All you need to know about financial accounting

All you need to know about financial accounting
All you need to know about financial accounting. Image source: Pexels

Financial accounting is a phenomenon that involves gathering, organizing, and presenting the financial data of an organization in a pre-determined format. Most business organizations are carrying out their activities to generate profits. The sponsors/shareholders need to know at regular intervals how much profit their company has made during any given period, and it can only be made possible through the use of financial accounting methods. 

The reports generated through financial accounting serves to highlight the efficiency of the management responsible for running business operations. These reports offer all the relevant facts and figures and are published regularly. The reliability of these financial reports is ascertained through checks and balances and regular external audits. 

The term managerial accounting vs. financial accounting is very popular these days. However, to differentiate between the two, we must first understand what accounting is.

Every company also releases its annual statements that offer sponsors, shareholders and investors with the assessment of past performance and the prospects of the company.

Financial Accounting Defined

Financial Accounting is known as a part of accounting, which is used for tracking, organizing and recording the financial transactions of a company.

The financial accounting concept is based on the double-entry accounting system. Every business transaction is recorded in the company books with the help of this system.

What is the double-entry System?

The phrase double-entry means that every financial transaction will be recorded in at least two accounts. Take, for example, the following case:

The company borrows a sum of $10,000 from a bank or a financial institution. This increase in the company’s cash account will be recorded in the cash account. Simultaneously, another entry will be recorded in the company’s liabilities account to reflect that it has to pay back the amount at a later date.

The debits and credits for any financial transaction must be equal at all times. If the debit and credits of an entry do not match, it would mean that the entry hasn’t been posted correctly. 

Recording of Income, Expenses, and Accruals

Financial Accounting allows the recording of incomes generated through business activities, as well as the expenses incurred. It is simple. However, the accrual concept of financial accounting also allows companies to record the costs that they will be required to pay in the future.

Take, for example, a company that has been using electricity in its offices. However, the bill for the electricity consumed will be received by the company after the end of the month.

To account for this expense, the account would pass an accrual entry at month end, and charge the cost to the proper head. The payment will be made from the accrual account when the company receives the bill.

The Uses of Financial Accounting

Financial Accounting is carried out to prepare the following three statements as well as the accompanying notes to the accounts.

Cash Flow 

The cash flow statement offers all the information regarding the incoming and outgoing cash from the company. In fact, the report does not only show the receipts and payments of money, it also accounts for the all-cash equivalent items.
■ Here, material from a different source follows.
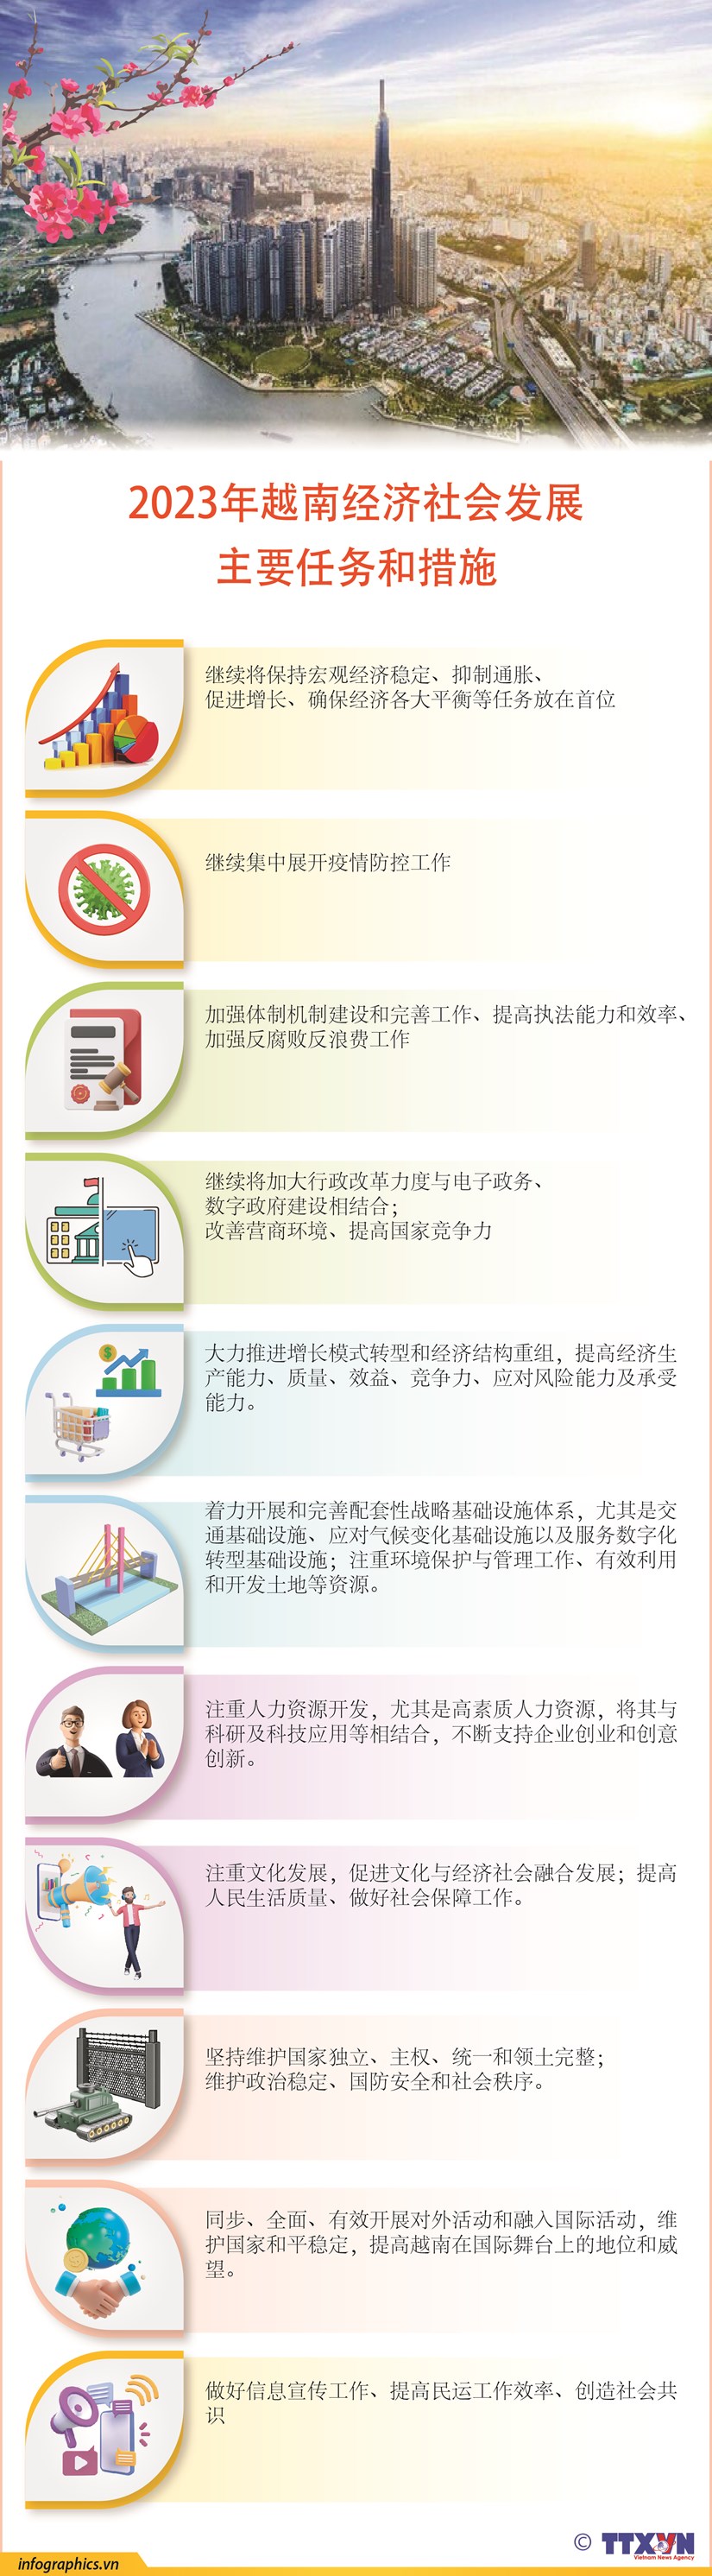 图表新闻：2023年越南经济社会发展 主要任务和措施 hinh anh 1
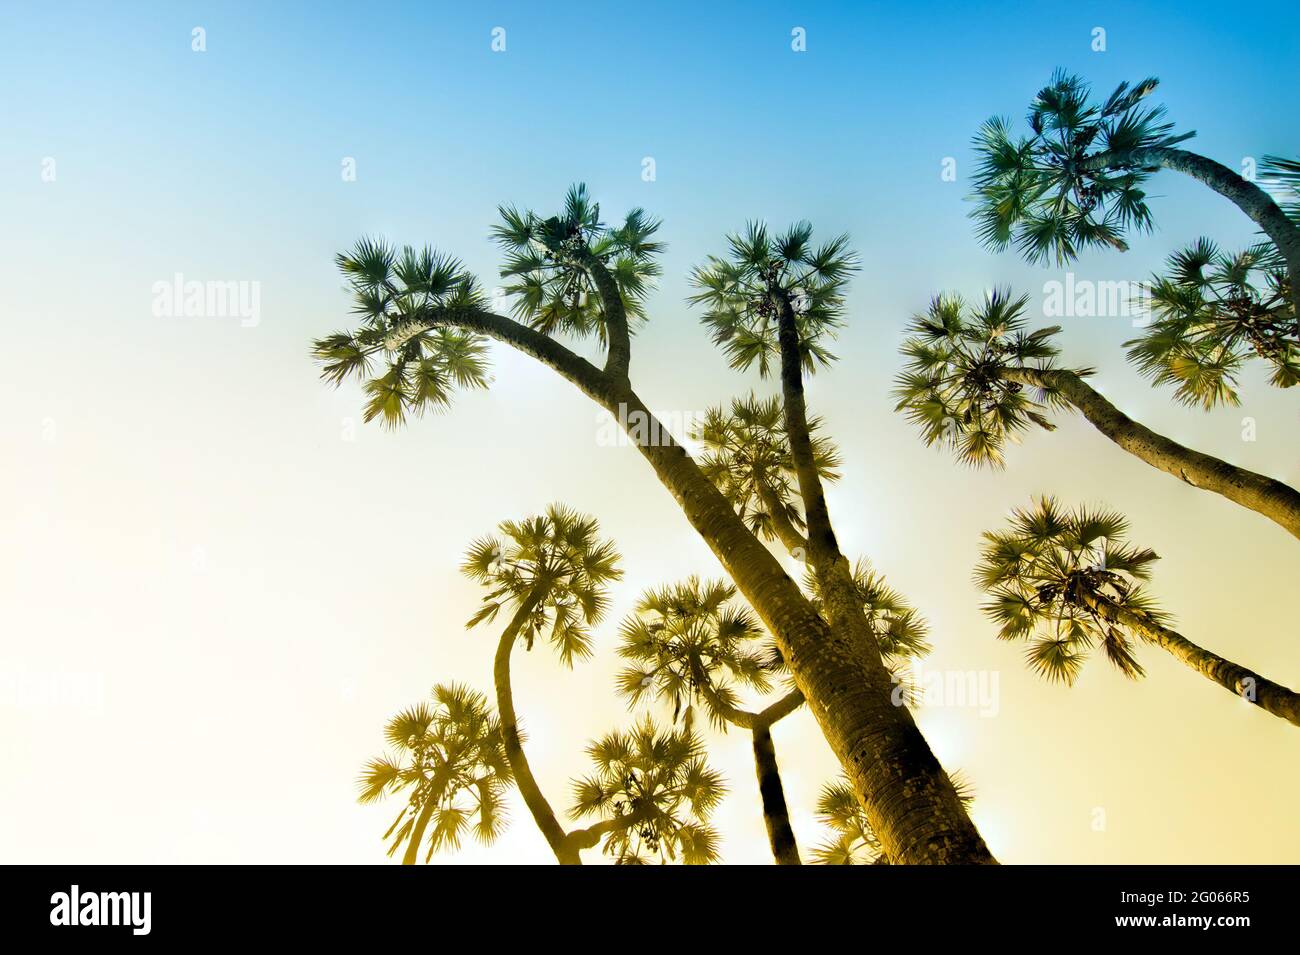 Mettere a fuoco l'immagine impilata di palme , in alto fino al cielo blu sullo sfondo. Splendida immagine della riserva naturale, vista panoramica naturale indiana. Foto Stock

There are three significant aspects of the cash flow statement: operations, investment, and finance.

The cash flow statements let the reviewer know how much of the cash generated through business activities was used for carrying out business operations during the period. 

Investment portion states how much cash was invested in obtaining returns from investment, and the finance portion lets us know what kind of financial activities were carried out.

From the business perspective, the cash flow statements serve as a tool for gauging the short-term viability of the entity. In short, it lets us know if the company will be able to discharge all its liabilities without encountering any problems.

Income statement or Profit and Loss statement

The income statement is the most critical piece of information from the perspective of the owner/shareholder. It shows the revenues generated through business operations, and the expenses incurred during any given period. It is this statement that allows the owner/shareholders to know whether their company is making profits or incurring losses over any specified period.

It also lets the reviewer know how much revenue the company had generated before incurring the listed expenses, and how much net profit was made over the given period. The income statement serves as a potent tool for the seniors to decide its future course of action, and how what they would deem fit for better management of the company.

The Balance Sheet.

If you ask for a financial account of the annual report card of the company, he will most probably show you the Balance Sheet. It is a bird’s eye view of the company’s financial position within any given point in time. The balance sheet shows the Equity, Assets, and liabilities of the company. Ideally, the assets of the company always sum up to the liabilities, and the equity initially put into the business by the owners. 

International Financial Principles of Accounting

For the financial reports of the company to be authentic, easily understandable and concise, a series of accenting standards have been developed. These standards also make it easy for the financials of several companies to be compared to each other easily. There are International Financial Reporting Standards (IFRS) that are followed by most countries while preparing their books of accounts.

It is also important to note that Accounting principles are not static. Constant changes are being incorporated into the IFRS to cater to the changing business dynamics worldwide.

The Final Word.

Financial Accounting has rendered it very easy to record and present business transactions. The best aspect of the financial accounting is the double-entry system that it follows. This system makes it impossible to make incomplete entries and thus, eliminated the chances of incomplete or wrong repowering.

Financial Accounting and the reports generated through its internationally accepted principles allows owners/ shareholders of a company to understand the factual financial position of their company. It also lets them know whether the company is making reasonable profits. However, the financial statements are also beneficial for the employees of the company, its creditors, customers, and the regulator. All of these people and entities review the audited financial statements of the company to understand and gauge how the company is working and whether it is better to invest in that company.